**Prompt**
The required output is the stretch from the line containing "Lava Computer ISA" through the line containing "The Heart of Life. In Three Volumes, Vol. I" in the records below, unaltered and with no pictures.

**Dataset entries**
================================

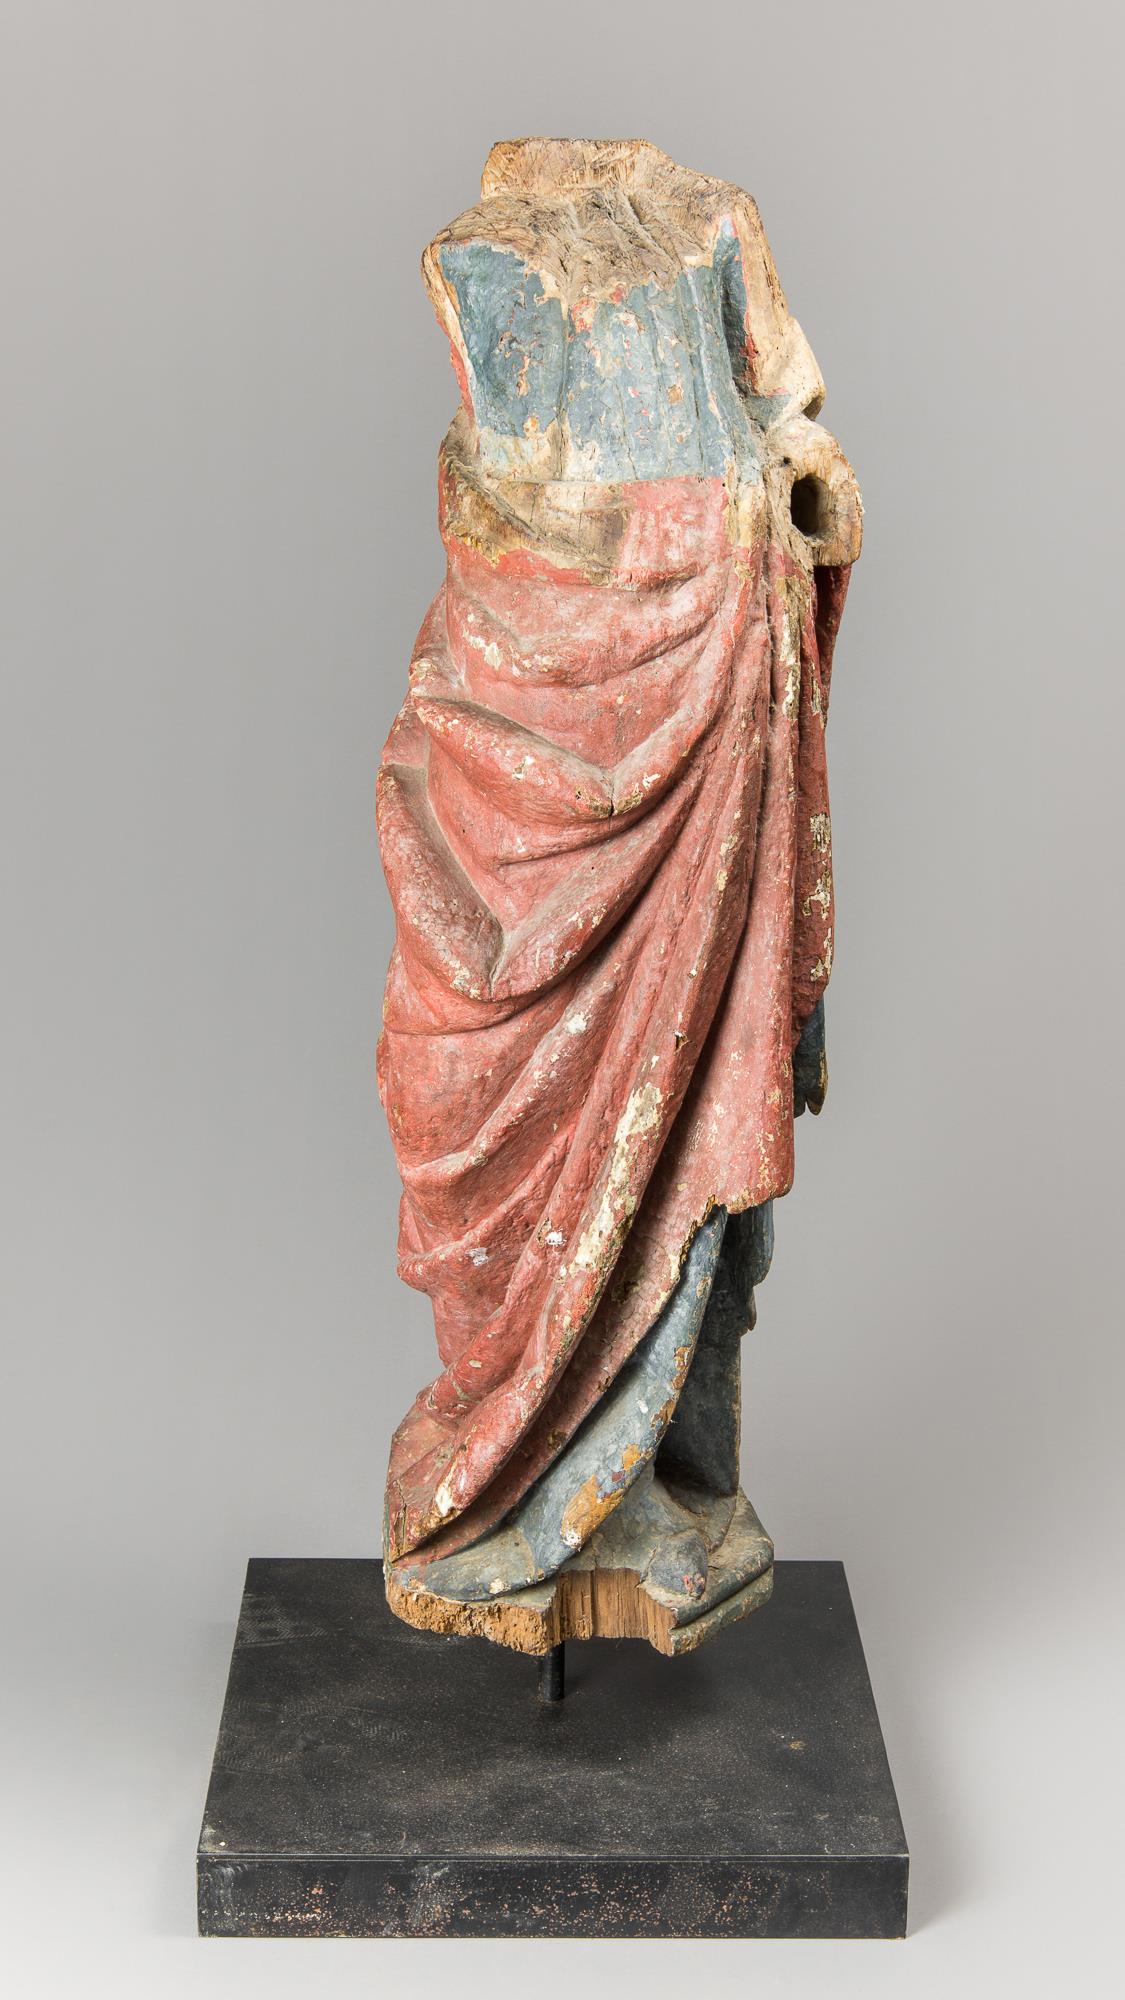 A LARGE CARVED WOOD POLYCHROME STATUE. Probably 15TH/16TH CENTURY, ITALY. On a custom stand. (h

================================

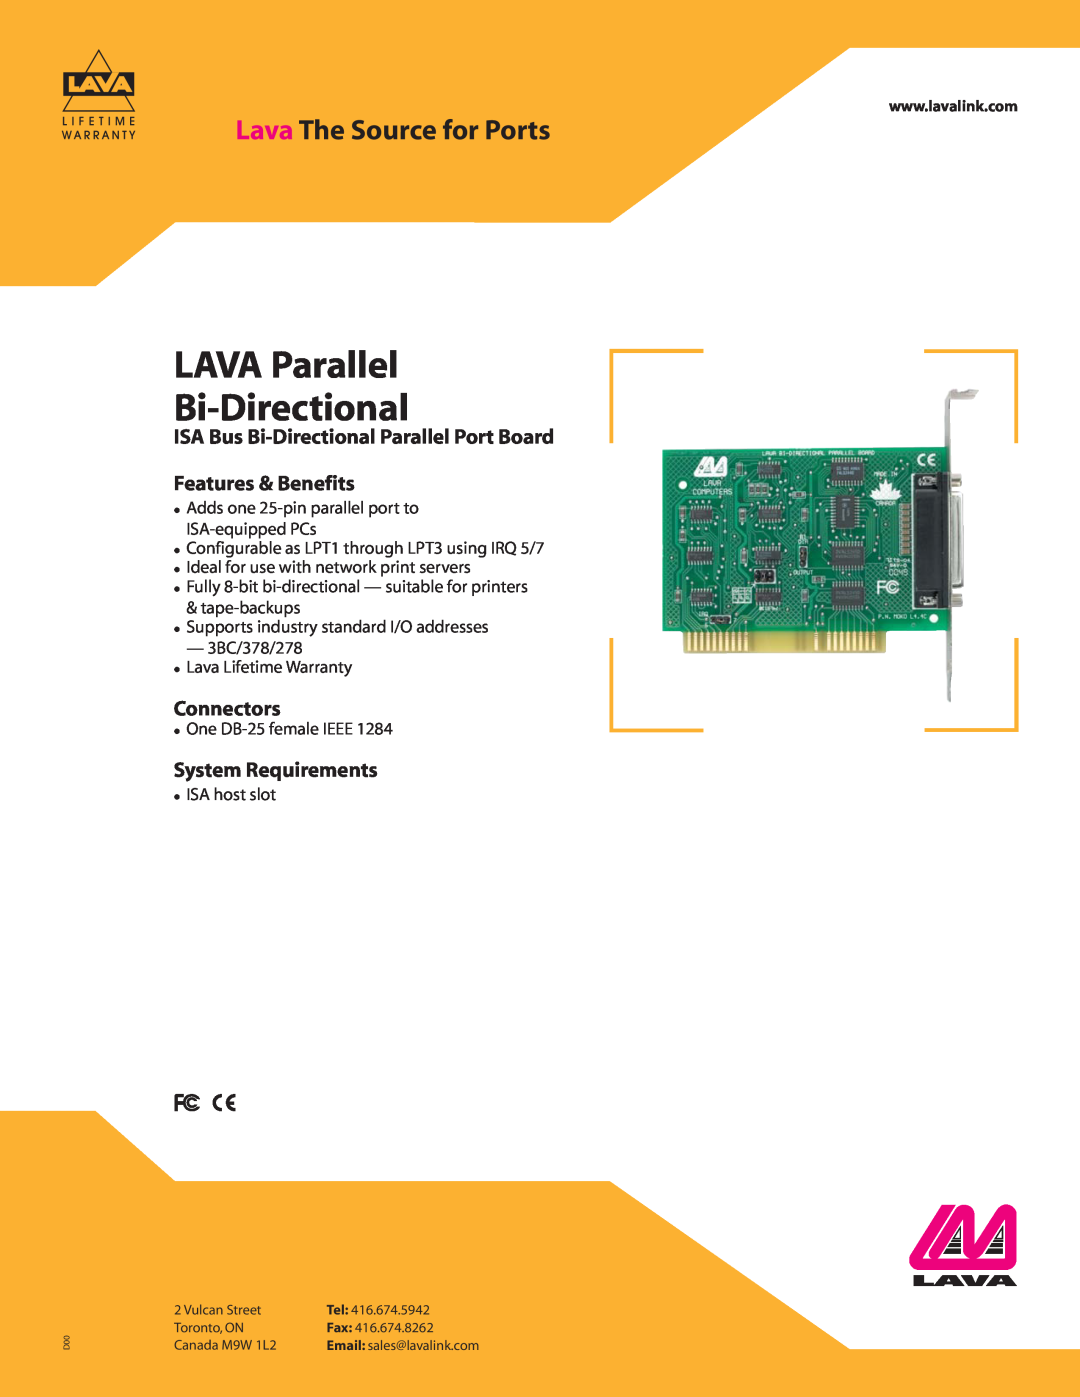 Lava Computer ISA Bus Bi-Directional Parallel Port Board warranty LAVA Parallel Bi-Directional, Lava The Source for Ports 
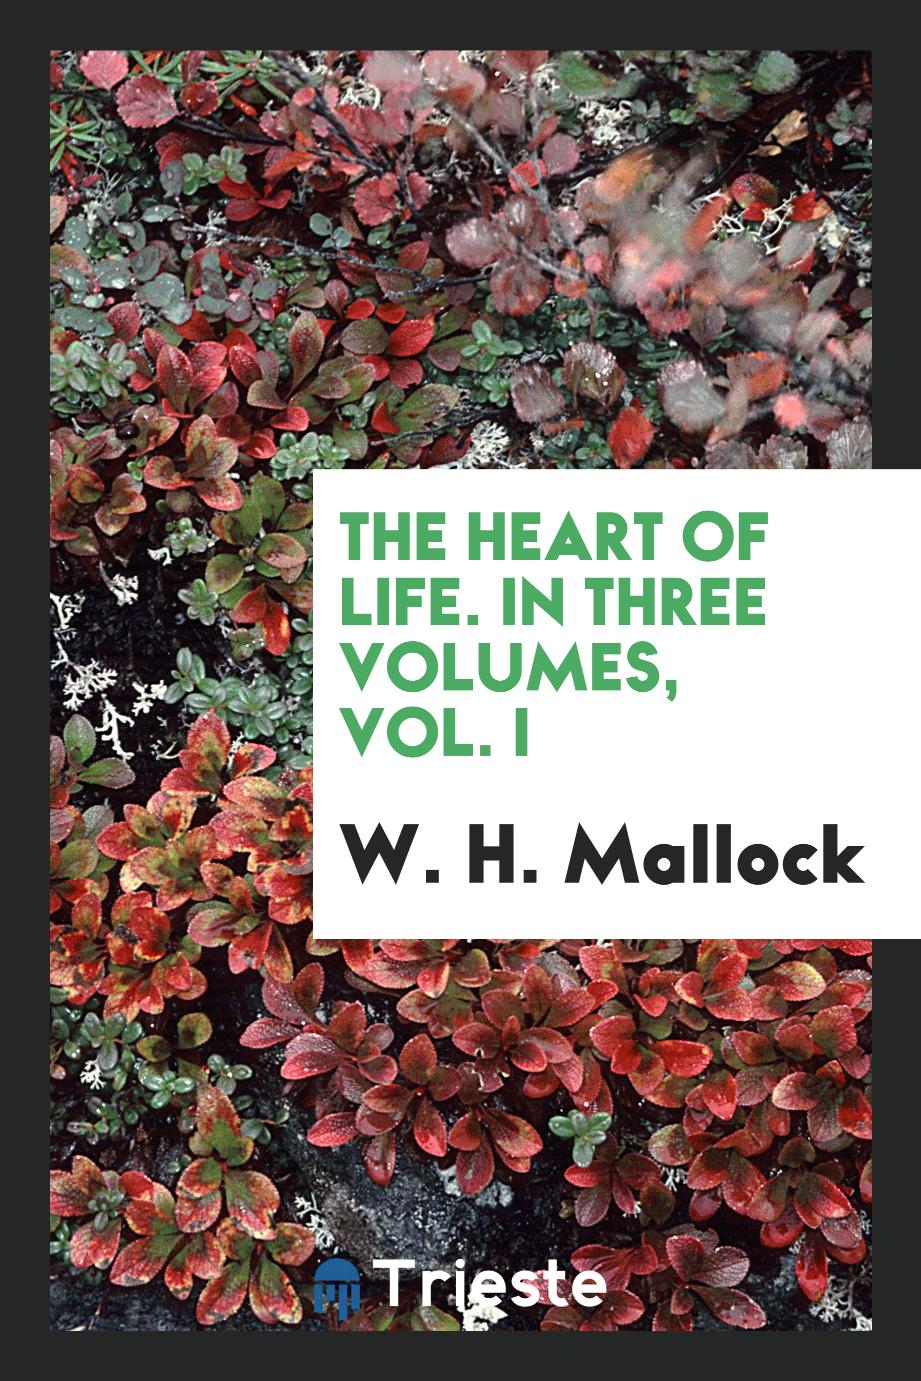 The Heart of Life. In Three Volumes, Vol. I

================================

**Exercise result**
 Lava Computer ISA Bus Bi-Directional Parallel Port Board warranty LAVA Parallel Bi-Directional, Lava The Source for Ports 
 The Heart of Life. In Three Volumes, Vol. I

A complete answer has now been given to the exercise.